Discovered candidates align with domain expert research: For example, ZrAl₂O₅ and Hf₀.₅Zr₀.₅O₂ correspond to well-known high-\(k\) dielectric material families.

Highlights & Insights¶

Chemical knowledge encoded as evolutionary operators: Domain knowledge such as substitution rules, stoichiometry conservation, and oxidation state consistency is translated into operators that guide LLM generation, rather than being reduced to simple prompt engineering.
Multi-island evolutionary strategy: Inspired by works such as FunSearch, the parallel island structure balances exploration and exploitation.
High practical utility: New tasks can be initiated with only a CSV file; surrogate models use pretrained weights without retraining.
Benchmark contribution: The paper introduces a benchmark of 14 industrially relevant multi-objective materials discovery tasks, each with well-defined physical constraints.

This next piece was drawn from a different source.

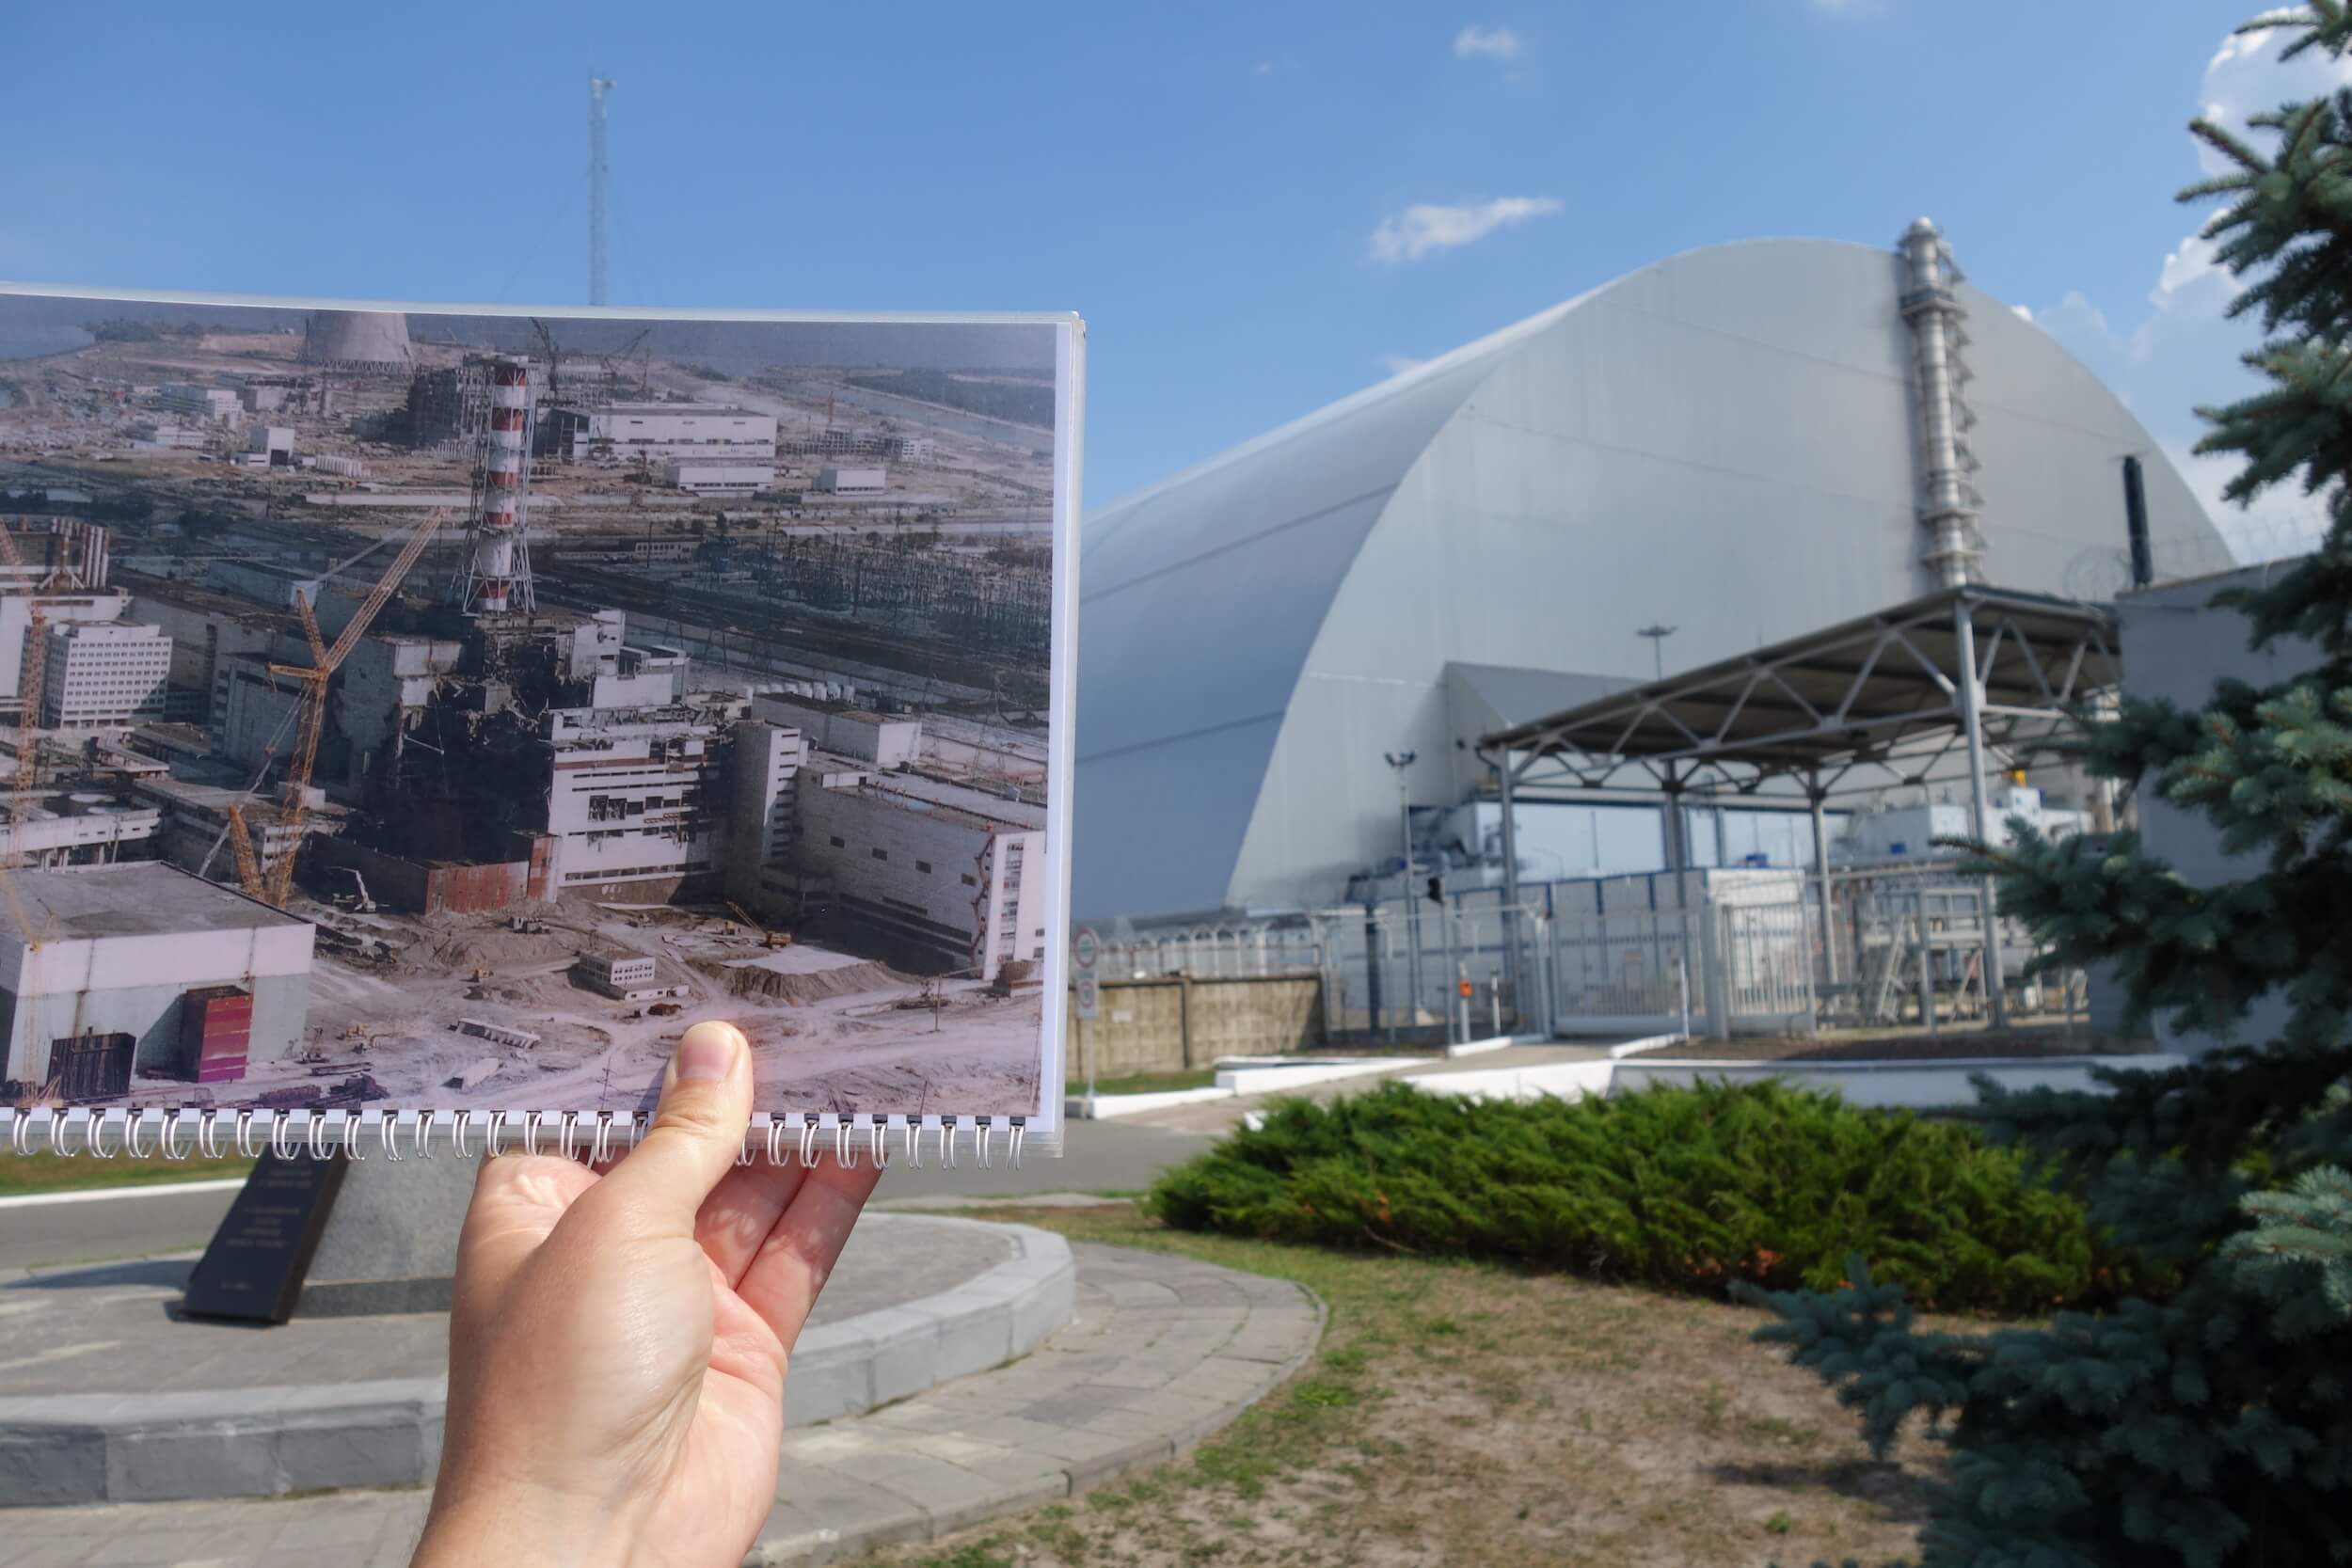 This shot compares a photo on a spiral notebook of Chernobyl Reactor 4 right after the explosion in April 1986 with the current day Reactor 4 which is covered up by a billion dollar sarcophagus.

Limitations & Future Work¶

Reliance on surrogate models (CGCNN, ALIGNN) for property prediction means that prediction errors accumulate and can misdirect the search.
Experimental validation is absent—newly discovered materials are verified only computationally and have not been synthesized in the laboratory.
Iterative LLM queries incur high costs; 250 iterations require a substantial number of API calls.
Chemistry rules are currently designed manually by domain scientists; automated rule discovery is a natural direction for extension.
Evaluation is limited to GPT-4o-mini and Mistral-Small; stronger LLMs may yield further performance gains.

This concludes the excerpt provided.